On Fri, 4 Apr 2025, Dimitrios Apostolou wrote:
> Hello list,
>
> based on the delays I experienced in pg_restore, as described at:
>
> https://www.postgresql.org/message-id/flat/6bd16bdb-aa5e-0512-739d-b84100596035@gmx.net
>
> I noticed that the seeking-reading behaviour was manifested by every one of
> the pg_restore worker processes, in parallel, making the situation even
> worse. With this patch I moved this phase to the parent process before
> fork(), so that the children have the necessary information from birth.
>
> Copying the commit message:
>
> A pg_dump custom format archive without offsets in the table of
> contents, is usually generated when pg_dump writes to stdout instead of
> a file. When doing parallel pg_restore (-j) from such a file, every
> worker process was scanning the full archive sequentially, in order to
> build the offset table and find the parts assigned to restore.

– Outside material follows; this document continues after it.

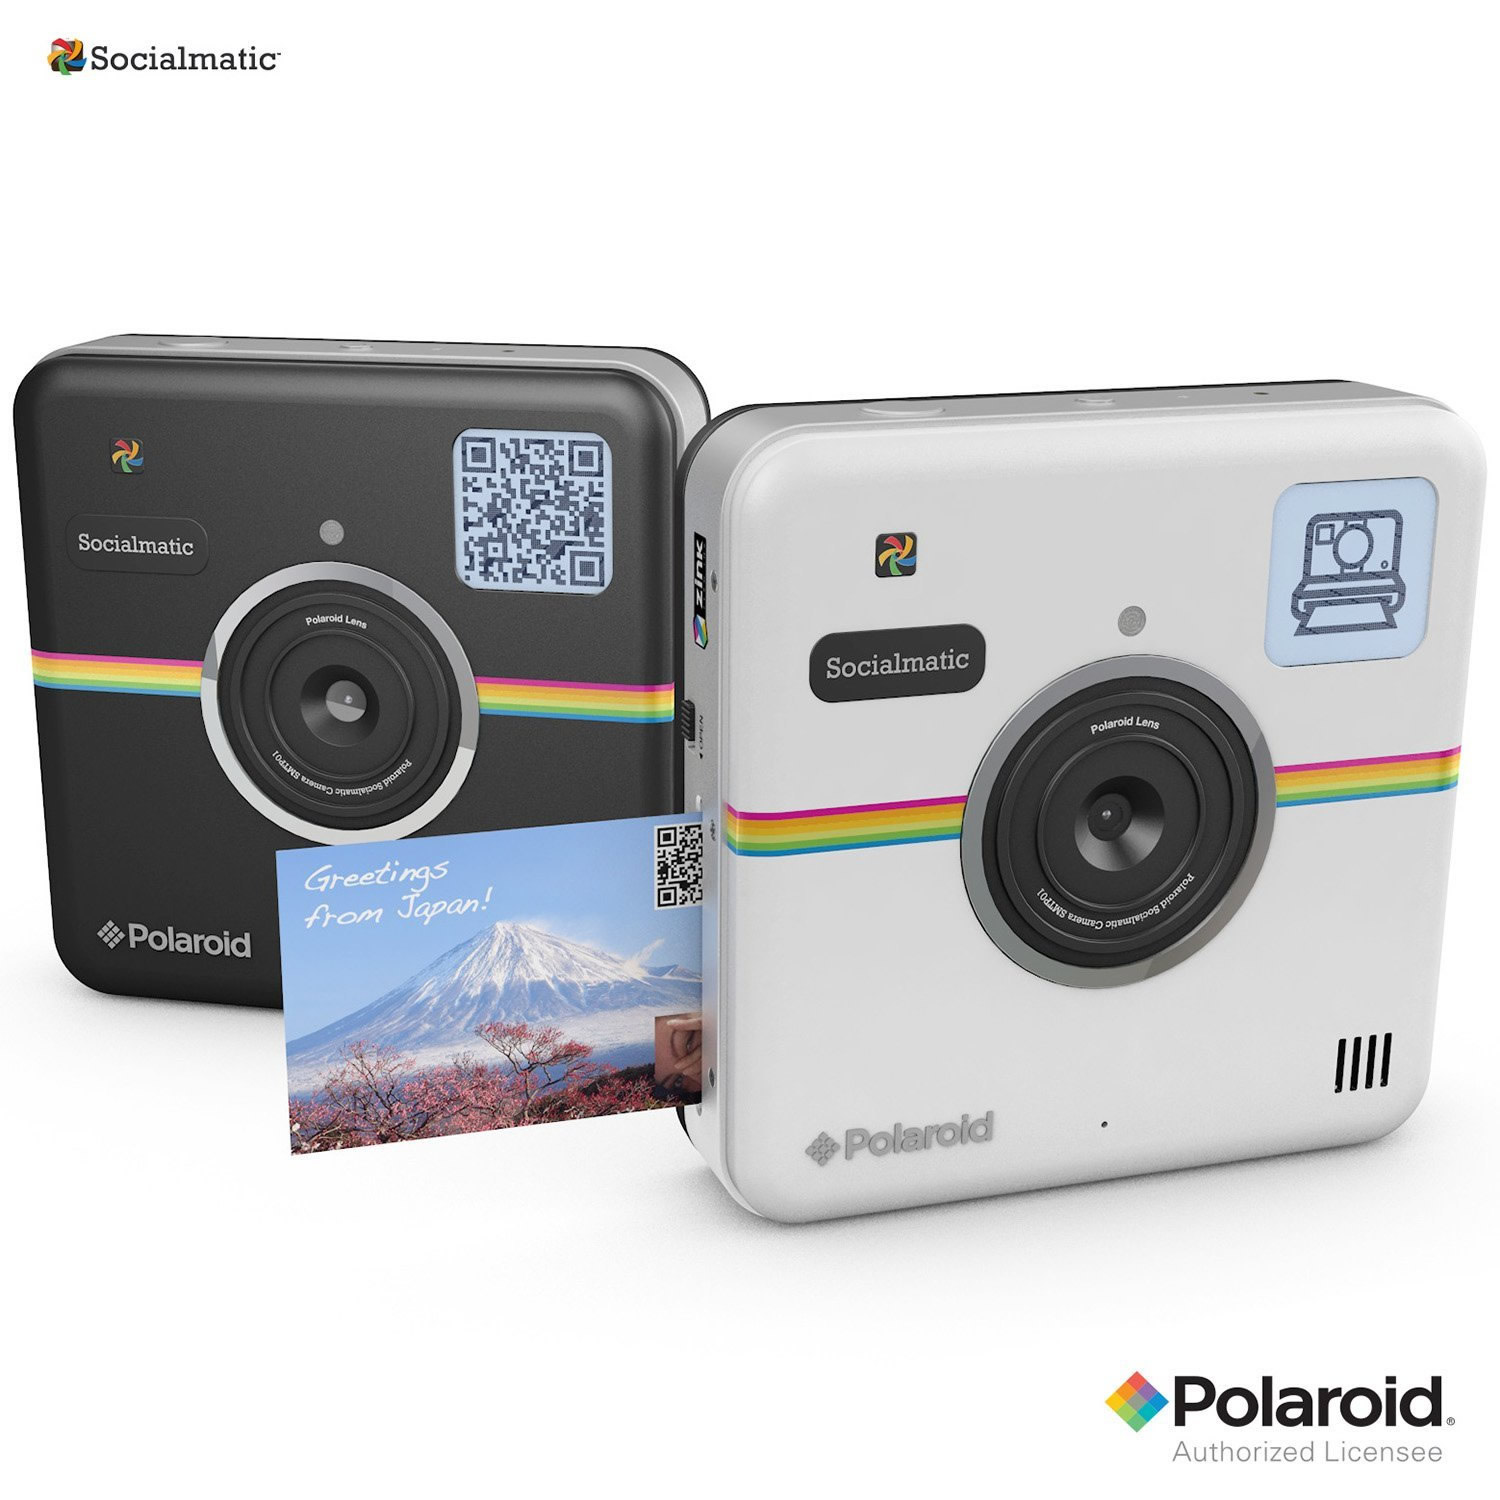 米Polaroid、Instagramのアイコン風カメラ『Socialmatic』を1月15日に発売へ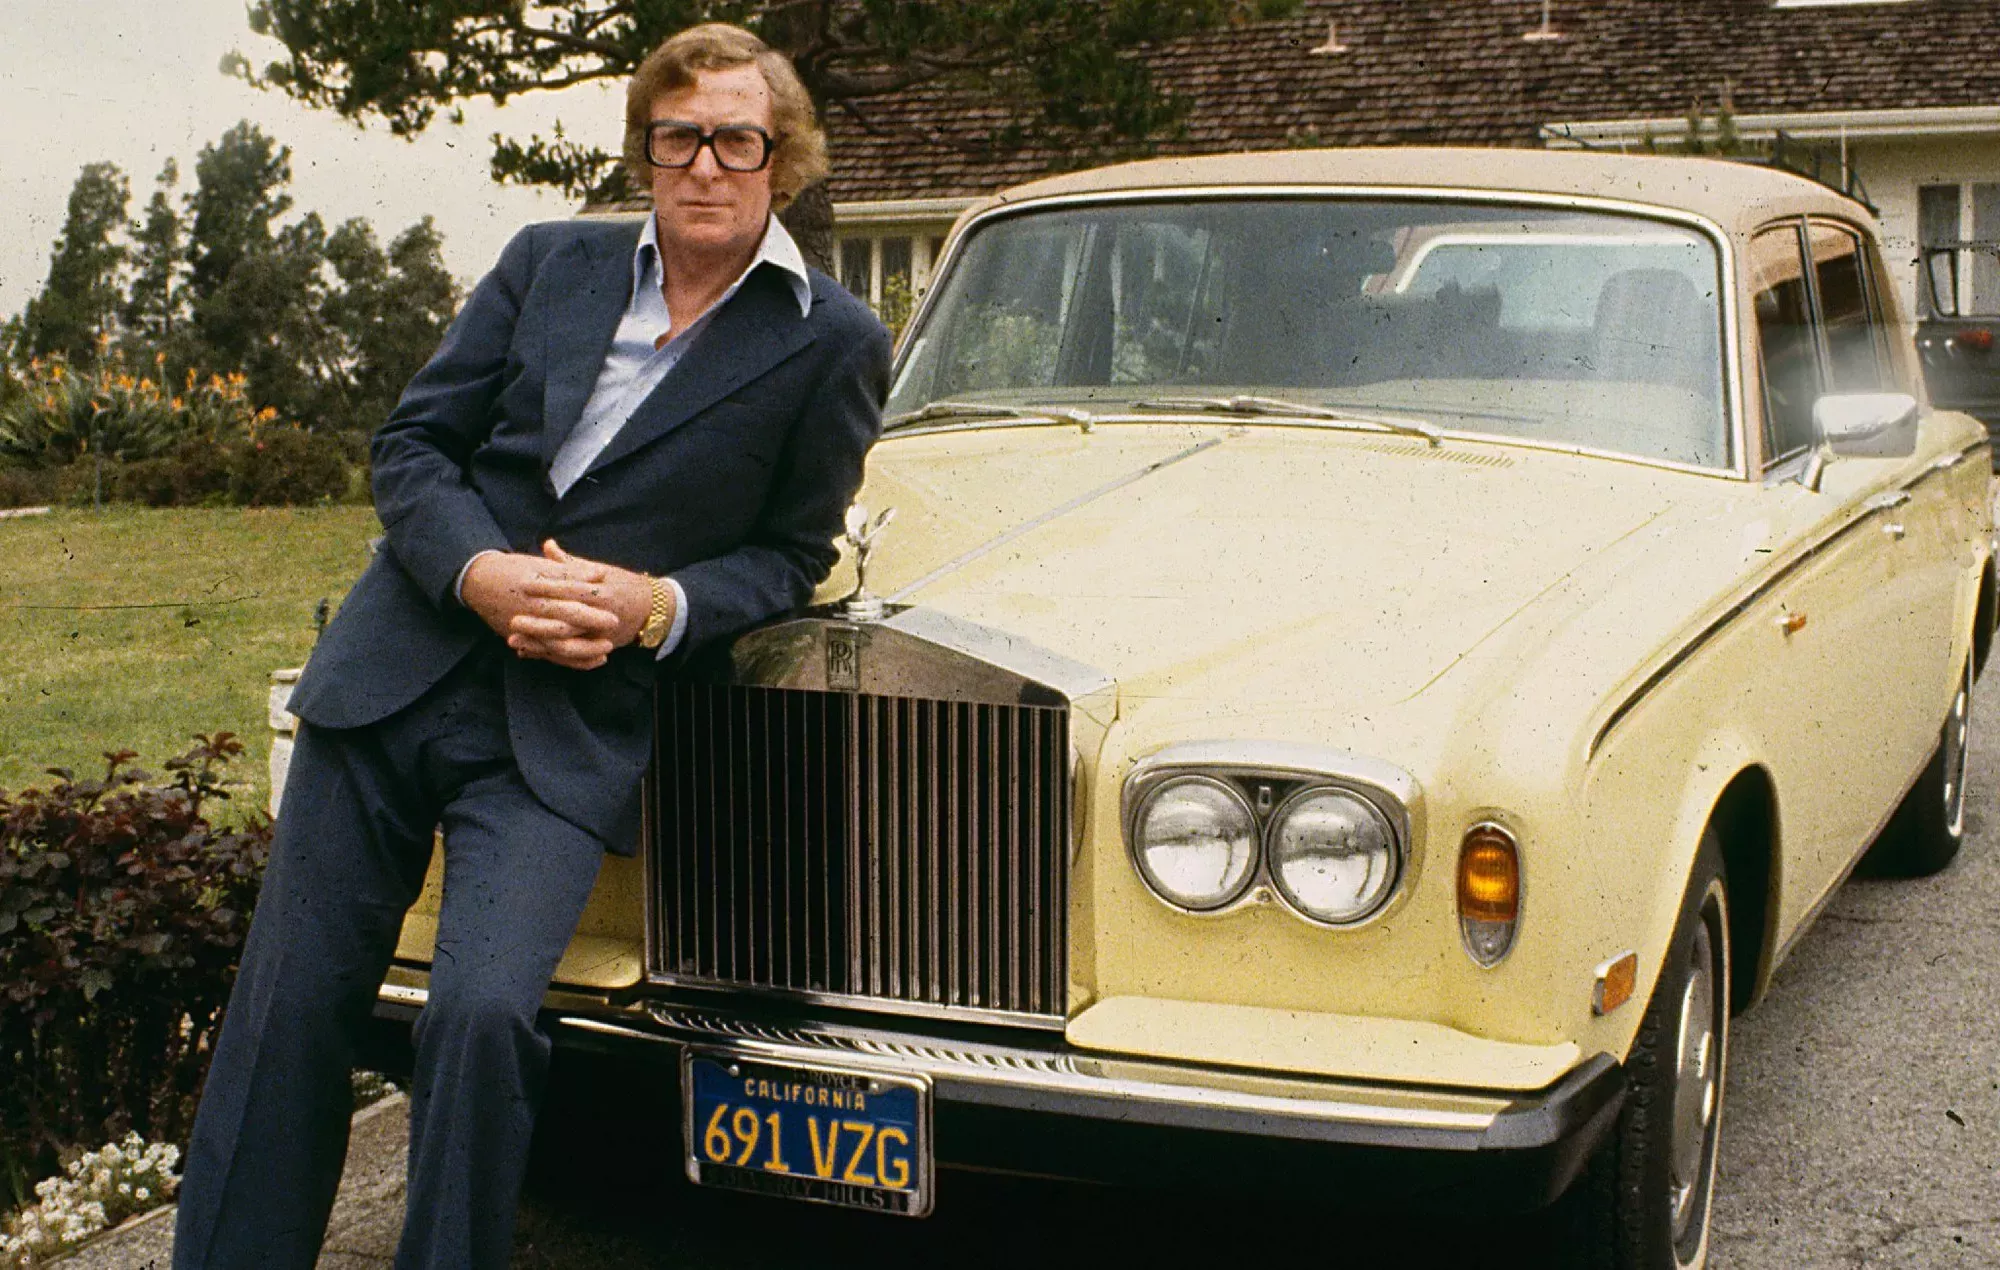 El primer coche de Sir Michael Caine, un Rolls Royce, se vende por 120.000 libras en una subasta

This led
> to the worker processes competing for I/O.
>
> This patch moves this offset-table building phase to the parent process,
> before forking the worker processes.
>
> The upside is that we now have only one extra scan of the file.
> And this scan happens without other competing I/O, so it completes
> faster.
>
> The downside is that there is a delay before spawning the children and
> starting assigning jobs to them.
>
>
> What do you think?
>
> Thanks,
> Dimitris
>